◆ TASK DETAILS:
With pictures left out, output exactly the lines of the listing below from the line that has "Happy woman sitting" to the line that has "Finn_Balor___The_Rising_of_the_Prince_in_NXT_109.jpg", both lines kept.

◆ EXERCISE INPUTS:
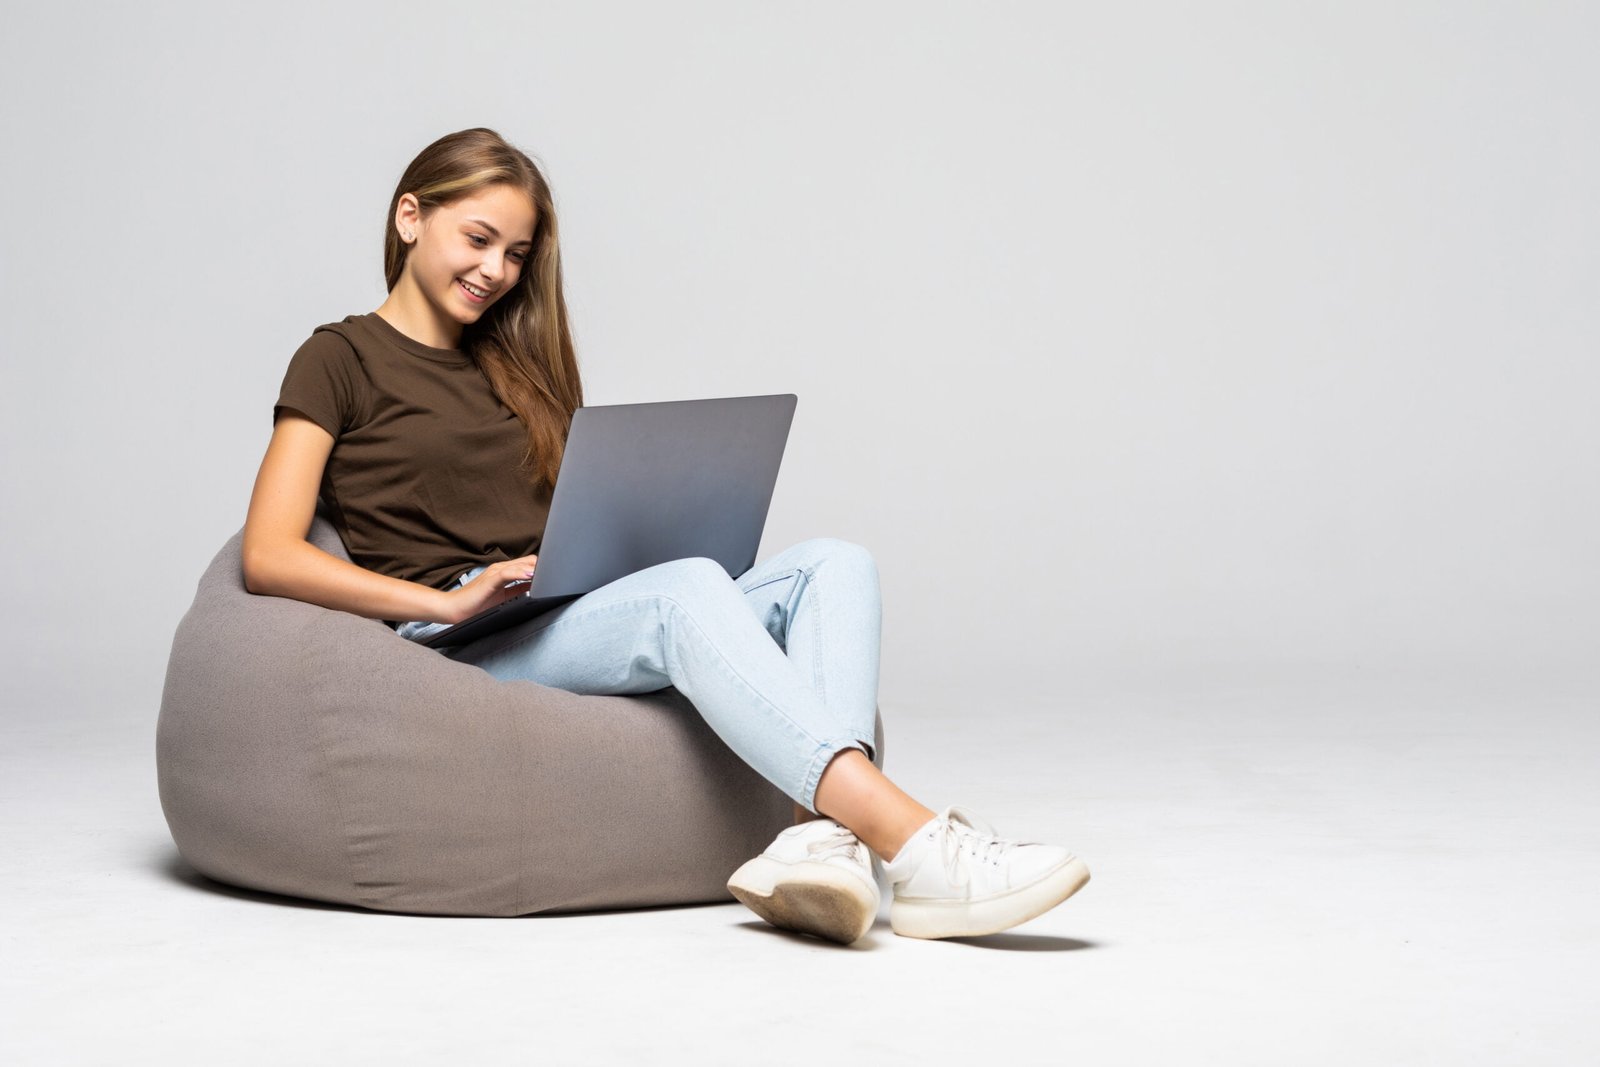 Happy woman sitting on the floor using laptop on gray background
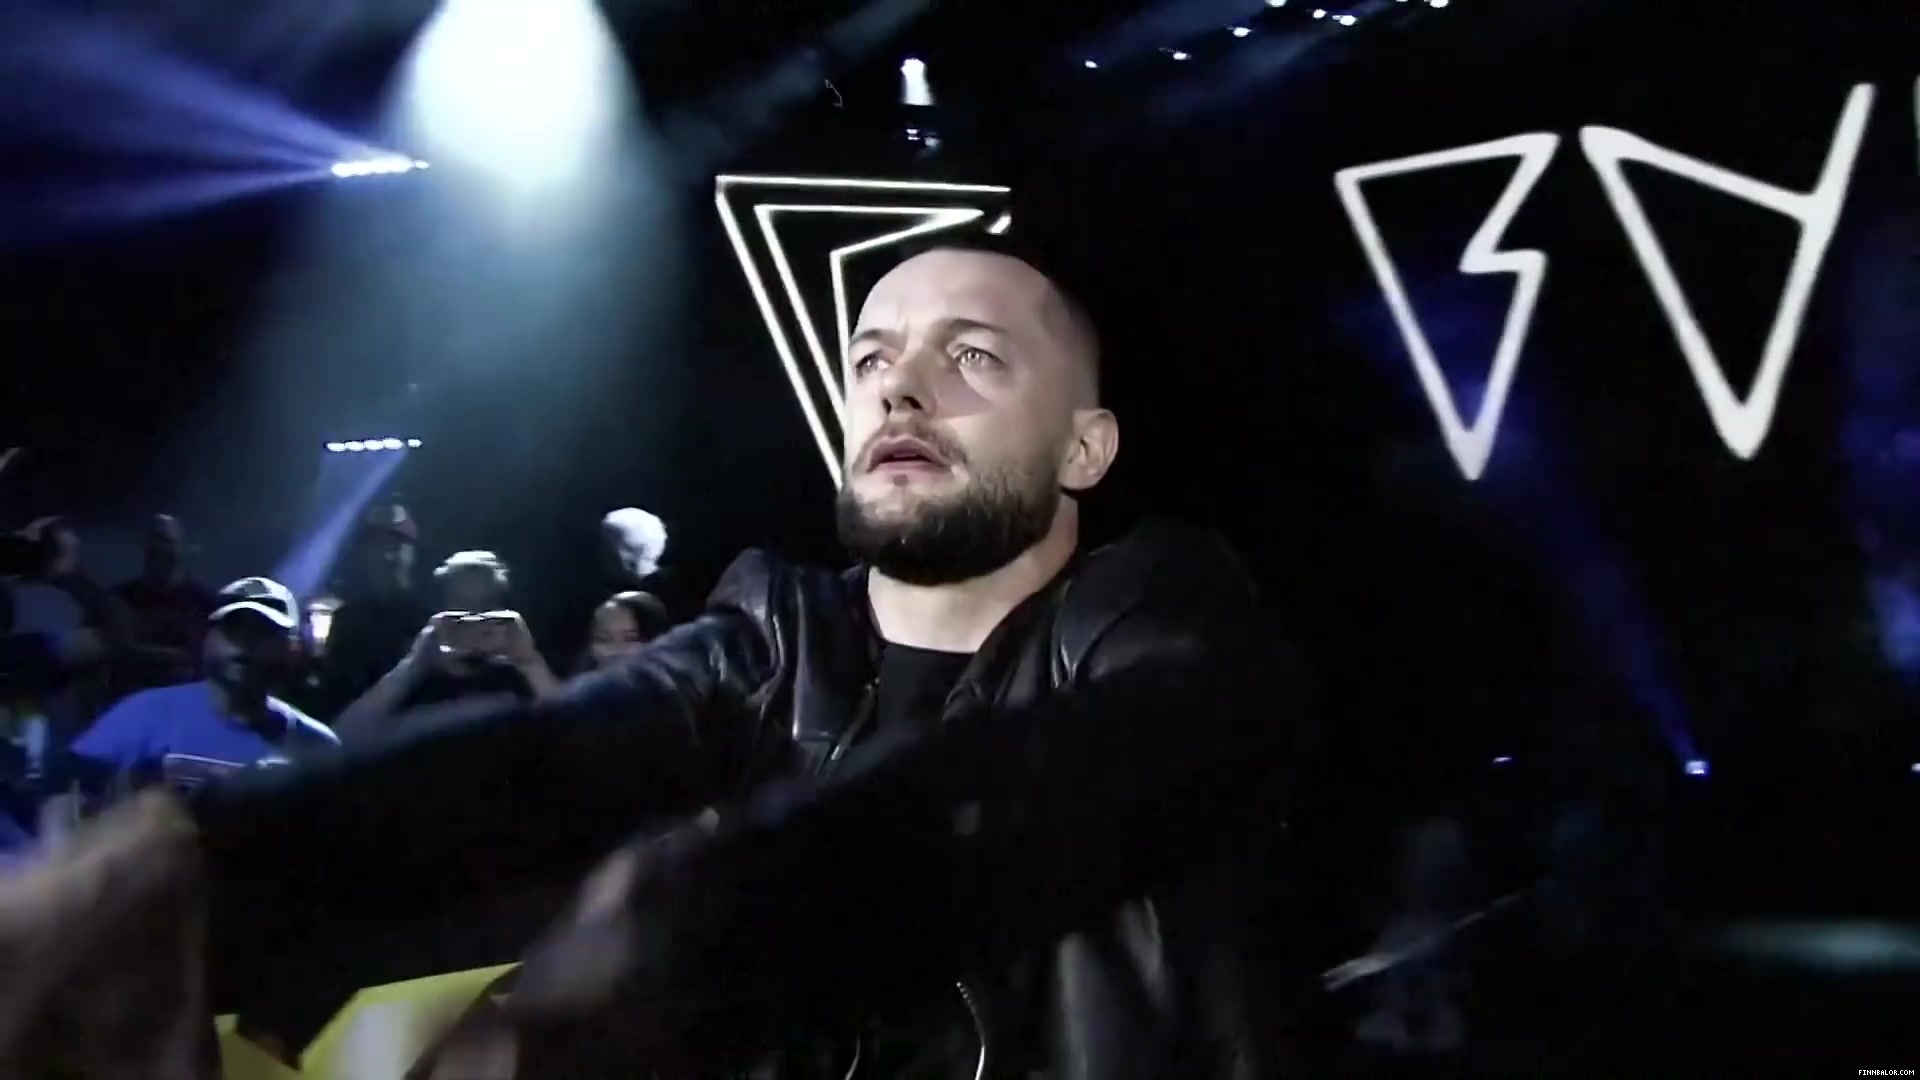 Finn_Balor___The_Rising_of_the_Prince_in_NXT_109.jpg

--

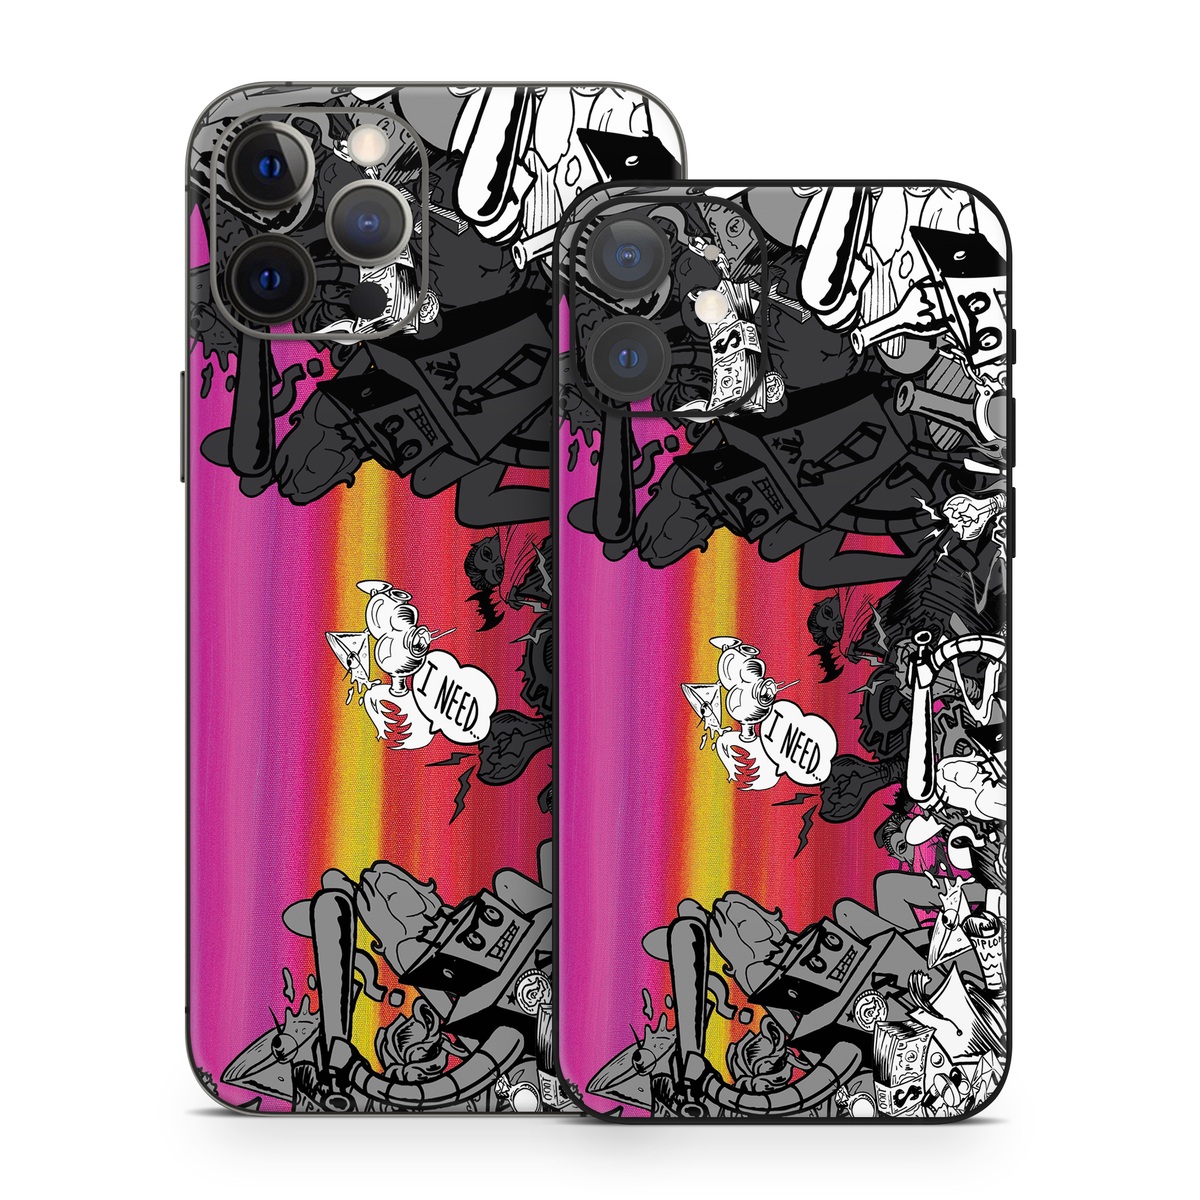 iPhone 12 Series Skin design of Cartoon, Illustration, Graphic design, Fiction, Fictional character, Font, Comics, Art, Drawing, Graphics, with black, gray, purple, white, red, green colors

---

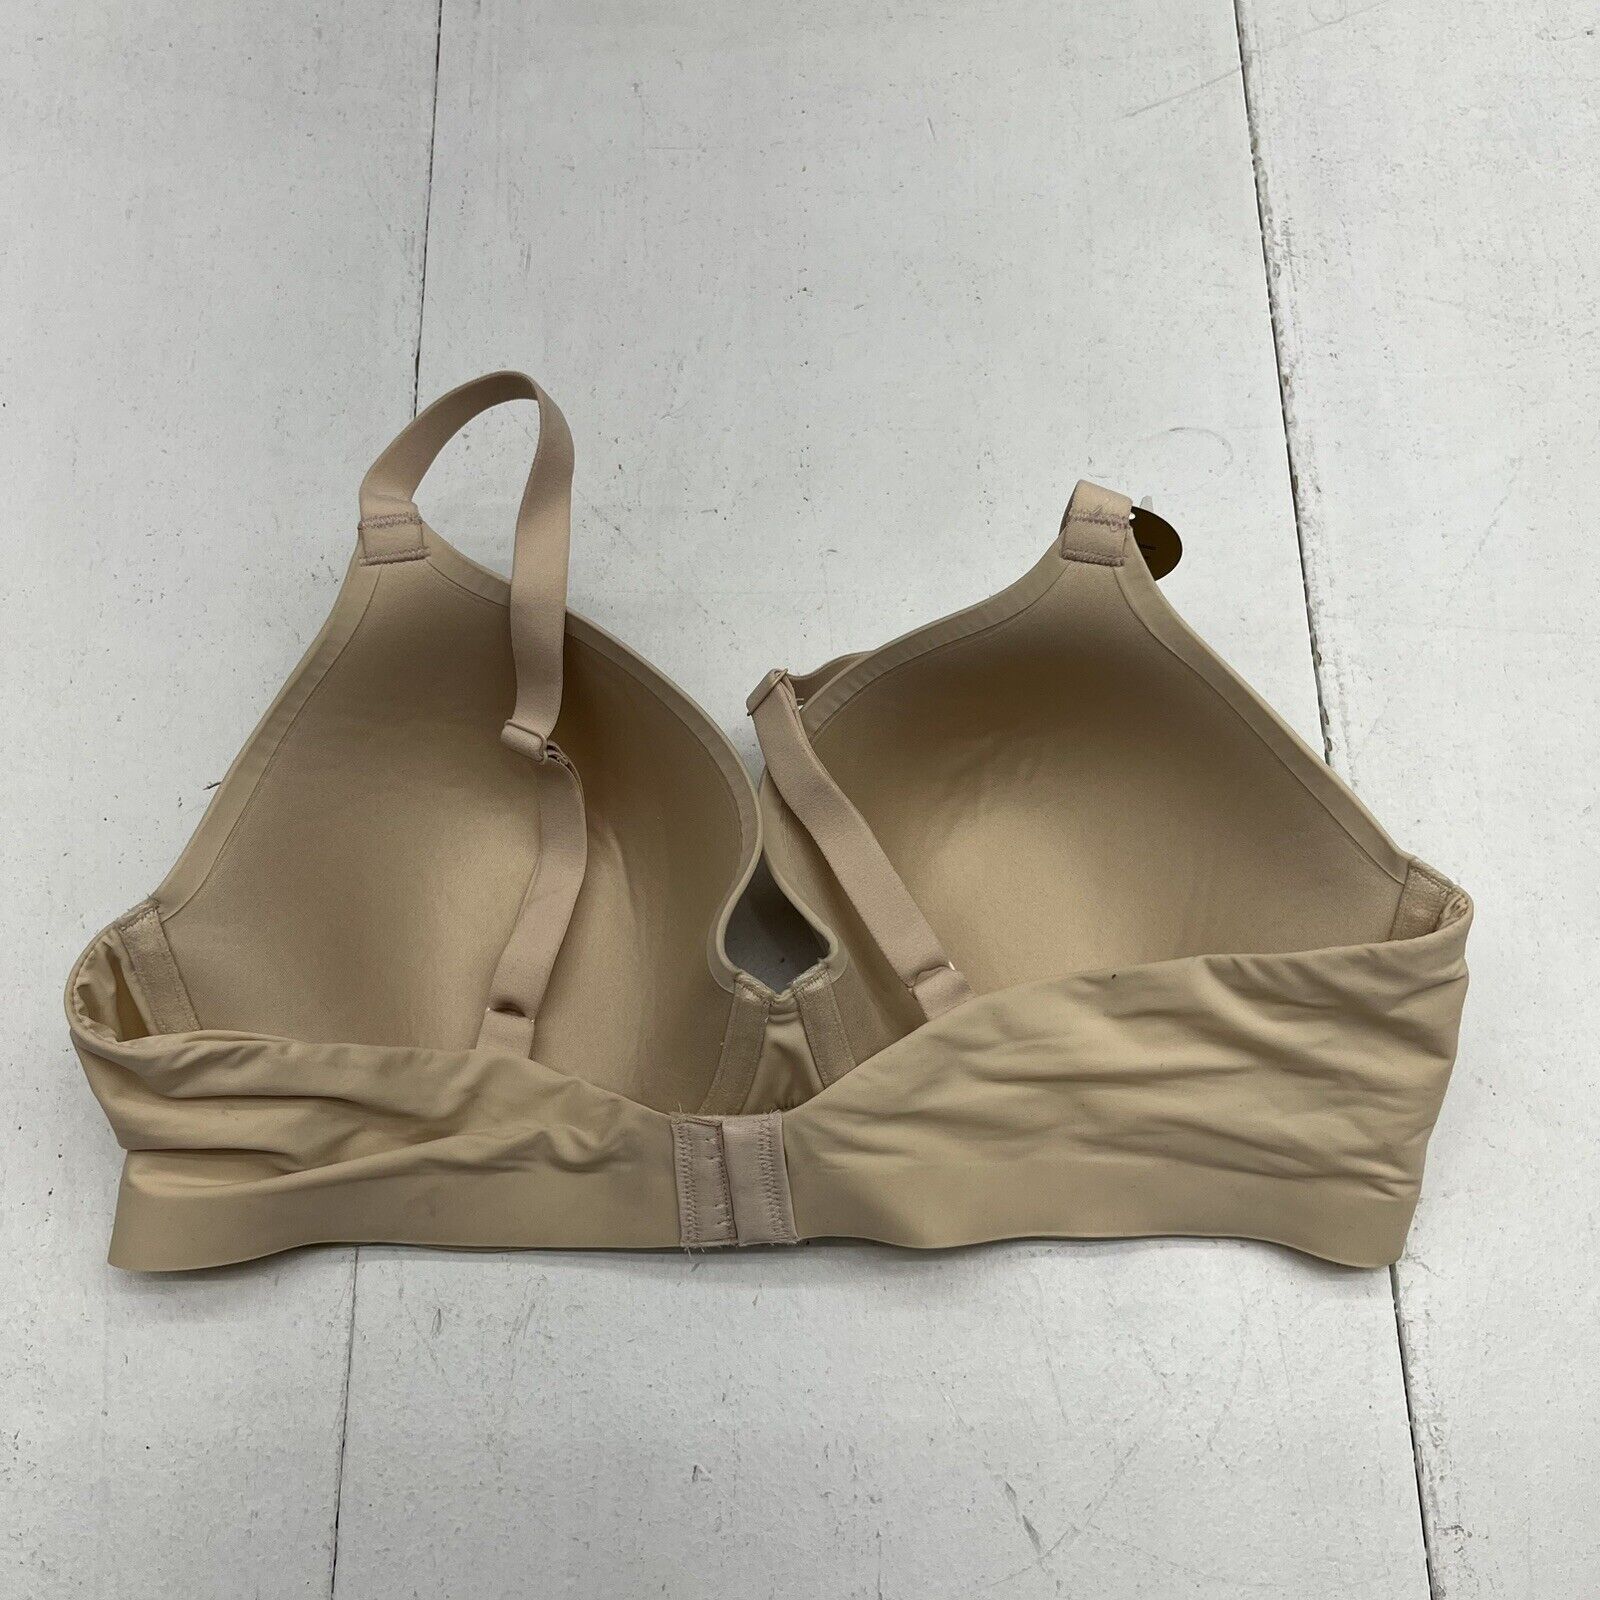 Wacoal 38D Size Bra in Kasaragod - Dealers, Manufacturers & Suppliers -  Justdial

◆ EXERCISE SOLUTION:
 Happy woman sitting on the floor using laptop on gray background
 Finn_Balor___The_Rising_of_the_Prince_in_NXT_109.jpg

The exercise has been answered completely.